Capstone's Q1 2026 Results Show Strong Growth Amid Challenging Winter
Event summary
- Q1 2026 revenue up 60% YoY to $12.6M, gross profit up 124% to $3.0M, gross margin expanded 670 bps to 23.5%.
- Pro-forma FY2025 revenue would have been $68M with Carolina Stone and CSI included for the full year.
- Adjusted EBITDA margin improved 60 bps YoY to -6.9%, with positive Adjusted EBITDA expected in Q2 2026.
- 72% of the original convertible-note principal has been converted, with $4.92M retired and $1.90M remaining.

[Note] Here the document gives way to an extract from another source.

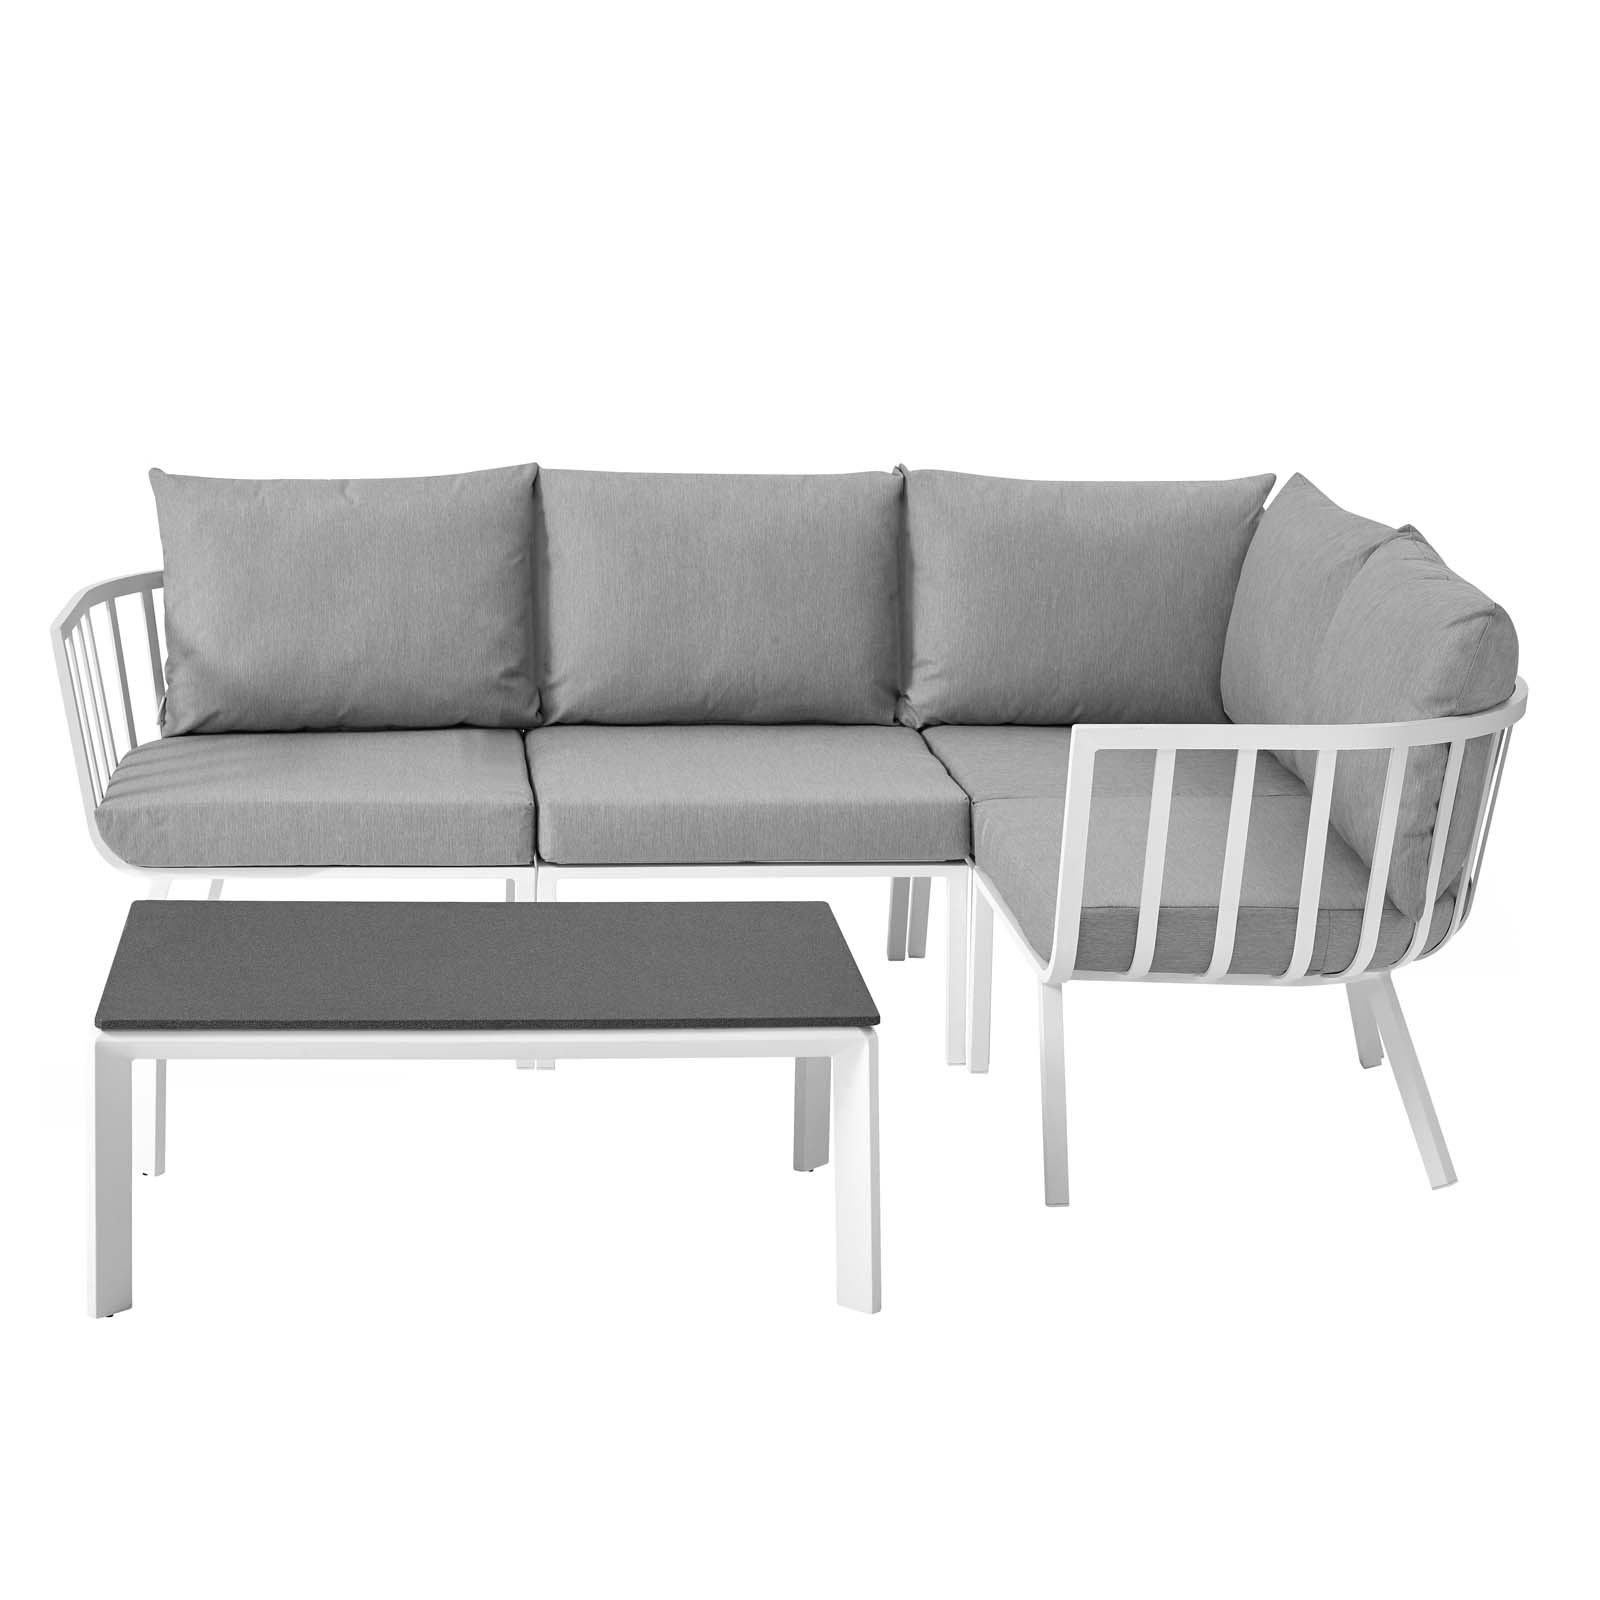 Lounge Sectional Sofa Chair Set, Aluminum, Metal, Steel, White Grey Gray, Modern Contemporary Urban Design, Outdoor Patio Balcony Cafe Bistro Garden Furniture Hotel Hospitality - image 1 of 10

- Strategic initiatives include Eldorado Stone distribution launch, warehouse consolidation, and AI-enabled tools deployment.
The big picture
Capstone's strong Q1 2026 results reflect the strategic benefits of its recent acquisitions and operational efficiencies. The company's tech-enabled distribution platform is positioning it to capitalize on improving end-market conditions, with a clear path to $100M in revenue over time. The focus on margin expansion and debt management underscores a disciplined approach to growth in the competitive building products sector.
What we're watching
- Revenue Growth
- Whether Capstone can sustain its 60% YoY revenue growth pace in subsequent quarters, especially as end-market conditions improve.
- Margin Expansion
- How the company will maintain its gross margin expansion of 670 bps, given the challenging winter conditions and elevated precipitation.
- Debt Management
- The pace at which Capstone will retire the remaining $1.90M in convertible notes while minimizing dilution.